As universidades públicas estão sendo privatizadas aos poucos. As pesquisas são cada vez mais direcionadas a gerar patentes para a iniciativa privada, não em gerar conhecimento e avanços para a sociedade que as financia. Que dizer das imorais parcerias da Monsanto com os campi de agronomia da Unesp? Ou da Andrade Gutierrez e a Votorantin ditando a formação dos alunos da Unicamp? Na USP o reitor, pela primeira vez em tempos de "democracia", não foi o eleito pela maioria da comunidade acadêmica, mas João Grandino Rodas, segundo colocado nas eleições, pois assim quis o governador (que em última instância é quem decide).
Durante ação da PM que consistia em comunicar a entidades
estudantes que eles "deveriam" desocupar sala usada pelos
Diretórios Acadêmicos, policial aproveitou para agredir e sacar
a arma para a cabeça de um aluno que ele julgou "não ser aluno"
pelo simples fato de ser negro
Nas três universidades paulistas quase não se tem mais como produzir conhecimento (razão de ser das universidades), mas apenas reproduzir um modelo e sobretudo uma visão de mundo que coloca o valor do dinheiro acima do valor das vidas das pessoas. Produz-se, com verba e estruturas públicas, apenas novos produtos (muitas vezes nocivos às pessoas e à Terra) que gerarão ainda mais riqueza a grandes corporações (muitas delas estrangeiras). Cursos de humanas sucateados. Os de exatas, desumanizados. Os de biológicas seguem formando professores mal pagos ou técnicos cujos relatórios e laudos de impacto, por exemplo, jamais serão levados em conta se o interesse do grande capital estiver acima disso.
Cabeças pensantes, pessoas que querem dar maior sentido às suas vidas, pessoas com sonhos e vontade de fazer algo de bom (e há muitos desses em universidades) obviamente se opõem a esse caminho. E o Estado (mero balcão de negócios dos grandes capitalistas) faz o que quanto a isso? Polícia. A imprensa bandeirante diz que a Polícia está ali para defender as pessoas de roubos e estupros e que os estudantes que contestam isso só querem saber de fumar maconha. A “opinião pública” acredita. Pouco tempo depois, e a mídia televisiva não mostra, mas alguém filma e põe na internet um aluno negro sendo espancado por um policial por puro racismo (e por participar de centro acadêmico).
A TV não mostra, a Folha e o Estadão também não dão bola, mas poucos dias depois uma aluna da USP é vítima de estupro. Autor do crime: Renato Guimarães da Silva, soldado da PM há 20 anos.
Penso no Pinheirinho. Nas crianças que nasceram e viveram e só conheciam aquele lugar como casa, agora estão em galpões que lembram campos de concentração, comendo comida estragada. Penso no Naji Nahas, especulador, golpista, milionário. Deve aos cofres públicos, mas é sempre mais fácil pagar as pessoas que guardam as chaves dos cofres públicos do que aos próprios cofres públicos. E então o Estado age como hunos, ou como os cavaleiros de Gengis Khan contra uma comunidade de seu próprio povo. Só para defender interesses privados de um canalha.
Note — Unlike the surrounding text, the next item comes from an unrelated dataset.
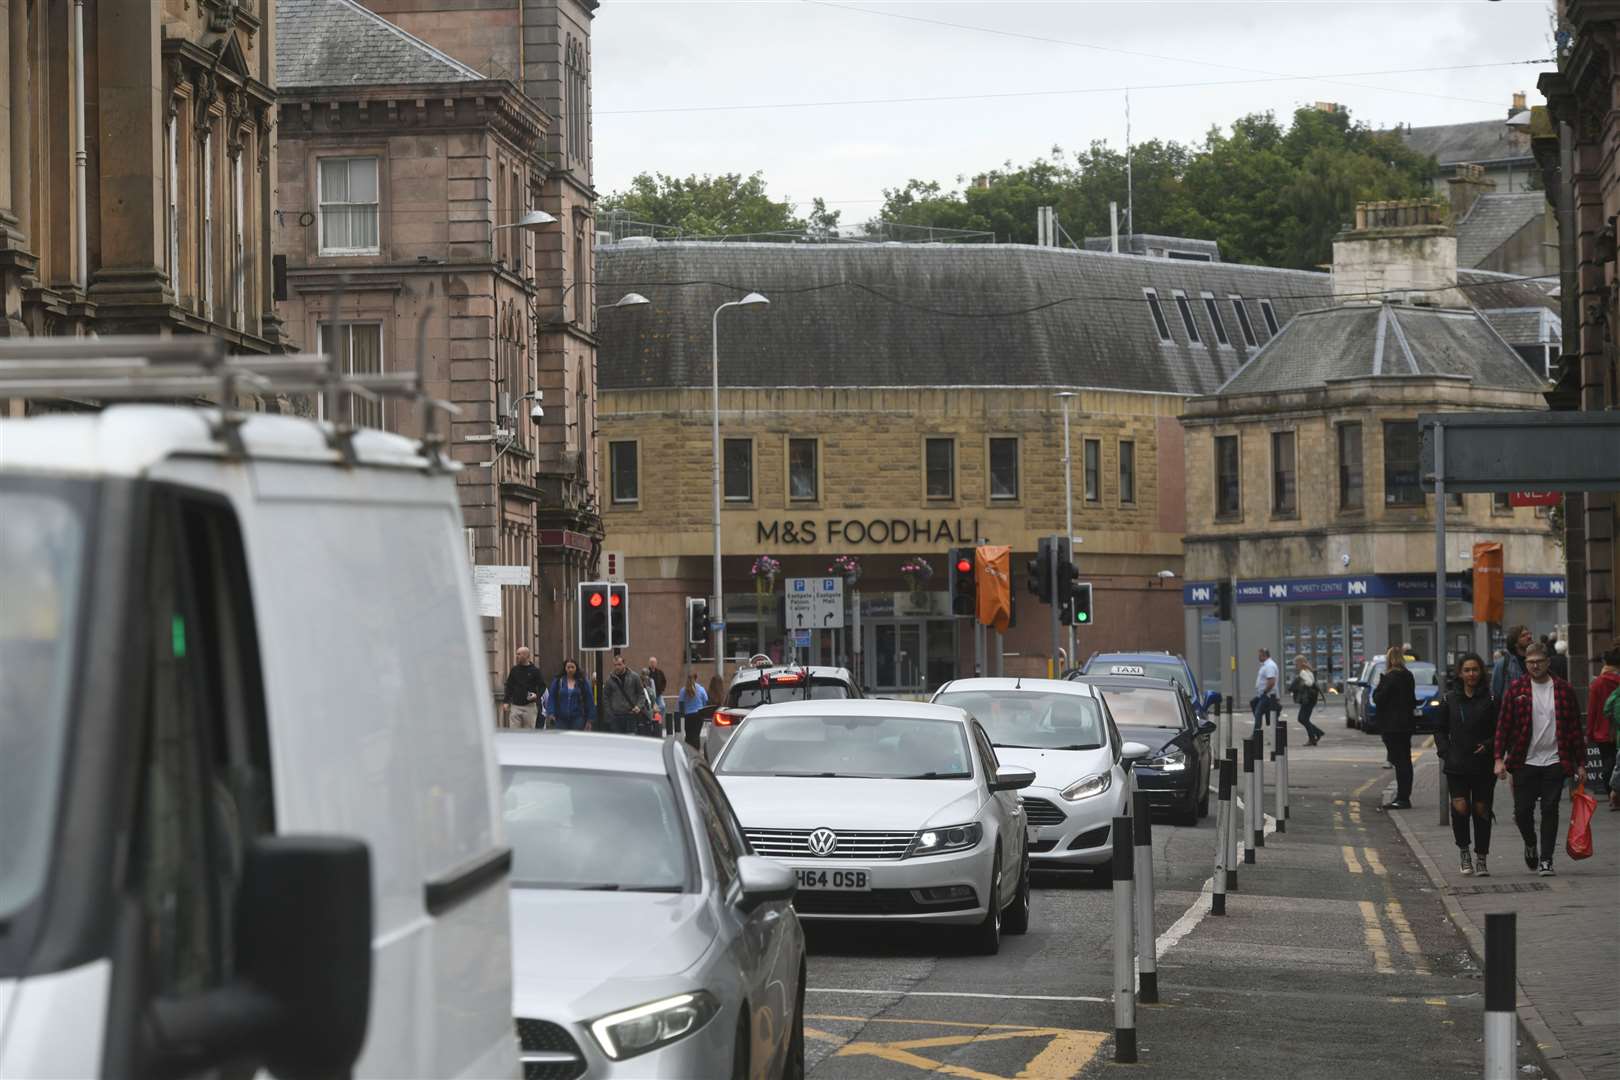 Opinion is divided over proposals to change arrangements on Academy Street. Picture: James Mackenzie
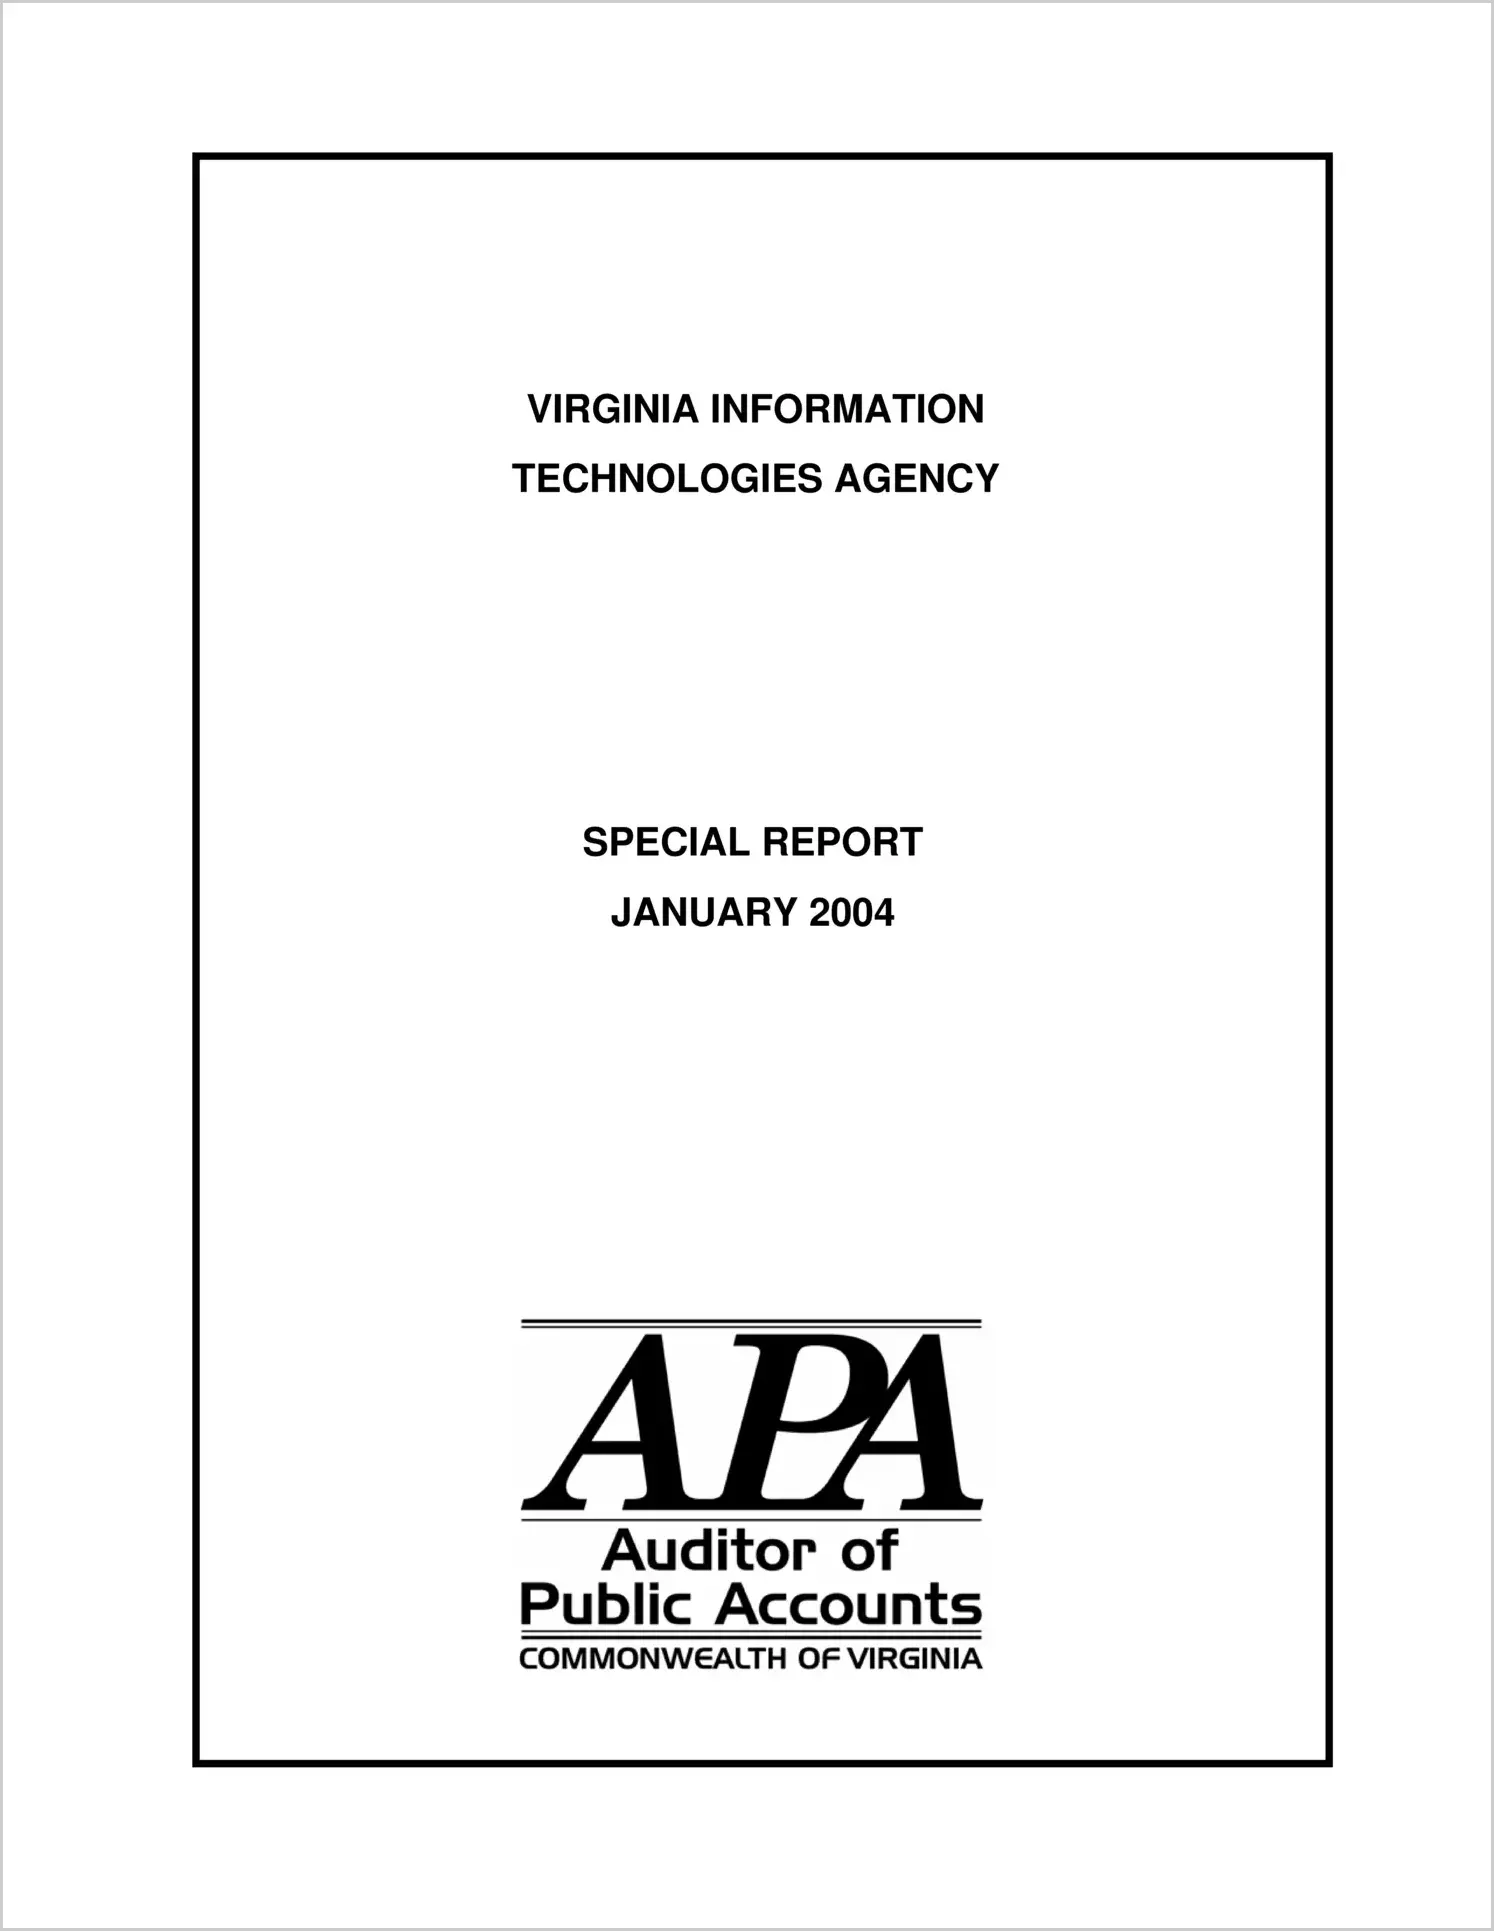 Special ReportVirginia Information Technologies Agency(Report Date: 12/15/2003)

Os jagunços daqui andam fardados.
No último dia 2 de Fevereiro, um predio no Centro de São Paulo
na Avenida São João, abandonado há anos, que passou a ser usado
como moradia por  230 famílias de baixa renda  foi desocupado.
As famílias, que não tinham p/ onde ir, acamparam em frente ao prédio.
desde então, a PM e a GCM vem realizando ações violentas
contra o grupo. Muitas crianças estão hospitalizadas.
Ano passado, o governo de São Paulo realizou 164 ações
de desalojamento similares a essa.
Não. Eu não posso me conformar. Não aceito que um bípede com polegares invertidos e telencéfalo altamente desenvolvido me diga: “Só estou cumprindo ordens”. Não. A culpa é sua também, cara pálida. É de quem aperta o verde na urna, de quem assina a ordem, mas sobretudo de quem puxa o gatilho. Os policiais e militares em geral têm que aprender a desobedecer ordens imorais. Lembrar que seu dever é defender as pessoas e a Terra, mas defendem o inimigo da Terra e das pessoas. Não. As pessoas podem aprender a fazer escolhas. Como não obedecer ou até parar de pagar impostos (diga não à nota fiscal!) para forçar uma mudança de postura.
São Paulo está sitiada. É refém de uma gangue que está muito acima dos partidos. É refém da violência. E não podemos chamar a Polícia.
Se pudesse gritar alguma coisa para o resto do Brasil seria: "Socorro!" e "não queiram esse 'progresso'".

MAIS
FAVELA MOINHO: uma favela fundada por catadores de material reciclável  foi víma de um incêndio no inicio do ano. Segundo a imprensa o incêndio foi acidental e morrenrem 2 pessoas. Segundo os moradores, morreram 40 e o incêndio foi criminoso, cometido deliberadamente pelas máfias de especulação imobiliária que controlam a prefeitura, com o intuito de desocupar o terreno pra depois empreiteiras construirem arranha-céus de luxo. Veja depoimento de morador.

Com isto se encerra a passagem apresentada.